Ей было не за что спрятаться здесь: ни поездов, ни спешки – и приходилось смотреть ему в глаза, кляня себя за всё, но главное – за то, что не можешь быть твердой.
– А мне что прикажете делать? – сказал Нинни с нервным смешком. – Ведь я люблю вас.
Словно тупым резцом ударили под ребра – исподтишка, врасплох. Значит, вот оно какое, признание. Не книжное – живое. Безжалостное.
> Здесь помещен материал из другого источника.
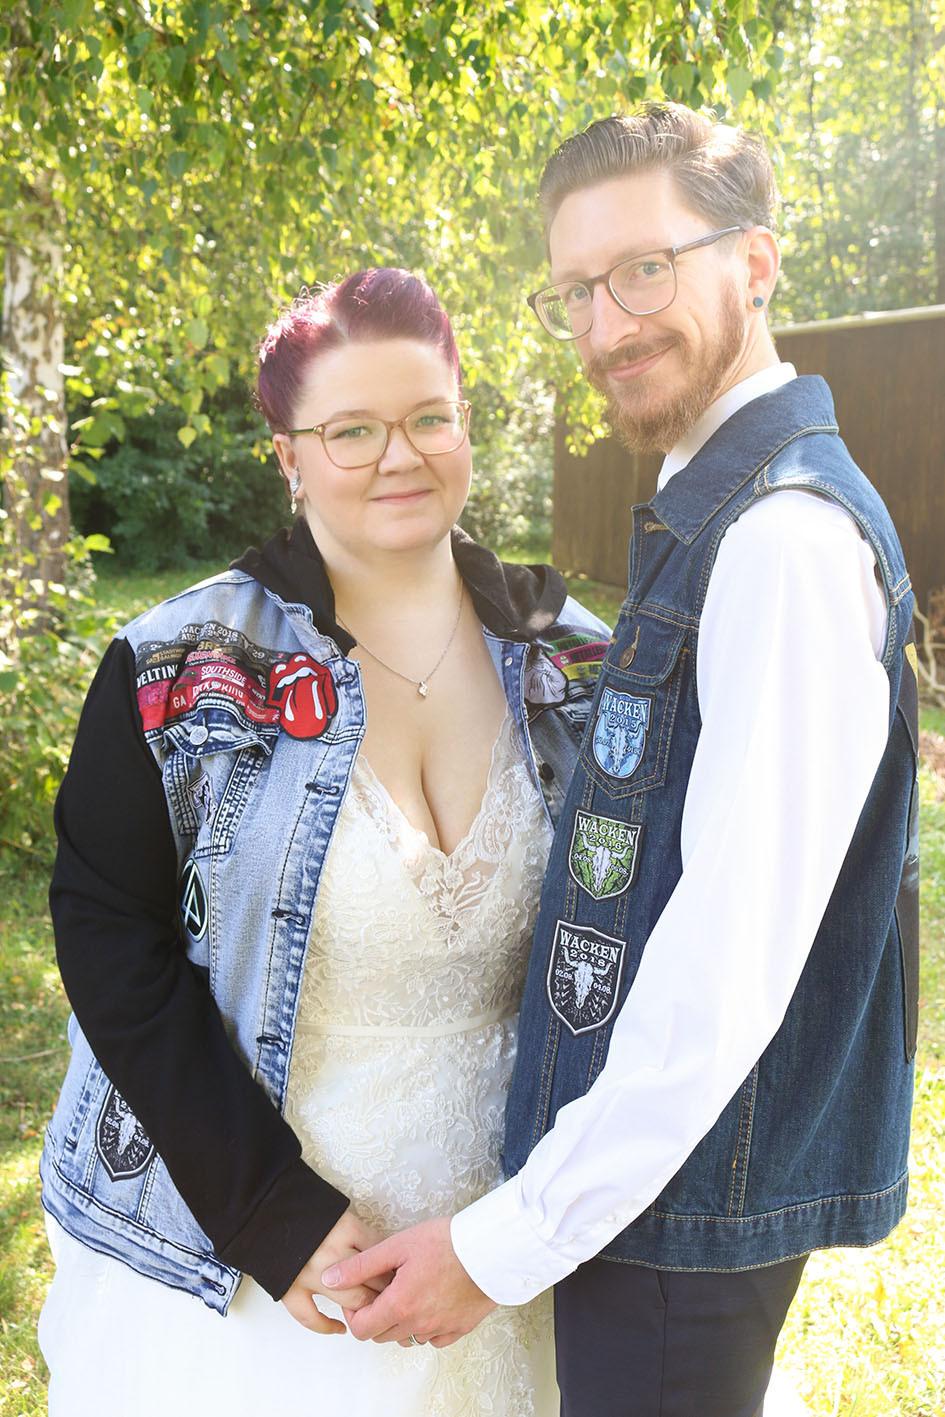 Nina und Christian mit stehen unter einer Birke. Sie tragen Ihre Fan-Jacken.

– Вы любите не меня, – сказала Ванесса; голос звучал глухо, как из-под земли, – а мою оболочку. А что там внутри, вам неведомо. Если я постригу волосы и вымажусь сажей – разве вы останетесь со мной?
– Ерунда! Я знаю вас четыре года. Все ваши взгляды, все пристрастия мне знакомы. Разве мы не беседовали с вами? Не спорили?
– И что с того? Я спорила с десятками людей. Нам было интересно вместе. Но это не называется любовью.
– Ваши доводы нелепы.
– Как и ваше упрямство. Скажите, нравятся вам мои картины?
Он отвел глаза. На лице его отразилось страдание.
– Ну так что? Вы считаете, мне стоит продолжать писать их?
– Вы зря тратите время.
– Вот видите, – спокойно заключила Ванесса. – А ведь это и есть я. В них мое прошлое, мои мысли и мечты. Вам они чужды, непонятны; вы хотите, чтобы я была другой. Все вокруг этого хотят: я для них как кость в горле. Вы ведь знаете людей, пишете их биографии. А я пишу свою. И, бога ради, не пытайтесь мне помешать.
Она была уверена, что вопрос закрыт. Последнее слово сказано, подведена черта. Но Нинни, побелев, вдруг стиснул кулаки и выкрикнул резко, почти фальцетом:
– Как вы можете быть так слепы и глухи! Оглянитесь вокруг! Кому нужны ваши работы, этот бред сумасшедшего?
– Замолчите.
– Почему вы считаете правой себя, а не всех остальных? Что вам сказали в Обществе художников?
– Это не ваше дело.
– Мое дело – спасти вас от безумия, от вашей мании величия. Поймите, женщина не может быть гением, опередившим свое время! Если вас никто не понимает – может быть, дело не в окружающих?
Как громко он кричит, устало подумала Ванесса; и как ужасна его дикая, болезненная ярость. Когда слушать стало невыносимо, она повернулась и вышла. Поднялась на второй этаж, села на кровать в своей спальне и уставилась в пустоту. Где-то в голове, за глазницей, растекалось ослепительно-жаркое, как раскаленное золото в литейном цехе. Она стала думать про снег; вспоминать, как зарывалась пальцами в невесомую, рассыпчатую, жгучую белизну; как рисовала в воображении бабушку – молодую, с длинной льняной косой и в вышитом корсаже, какие носят на ее родине. Туда, к далекой неприветливой земле, уходила кряжистая ветвь их родословной, тогда как другая терялась среди шотландских равнин, а третья – поди теперь проследи: Нормандия? Англия? И, окуная руки по локоть в снег, словно пытаясь докопаться до истоков, Ванесса спрашивала себя: кто мы? Почему так хочется уехать прочь – и так тянет остаться? Причиной ли тому мятежная, цыганская кровь двух женщин, которые когда-то бежали сюда – одна от любви, другая за любовью?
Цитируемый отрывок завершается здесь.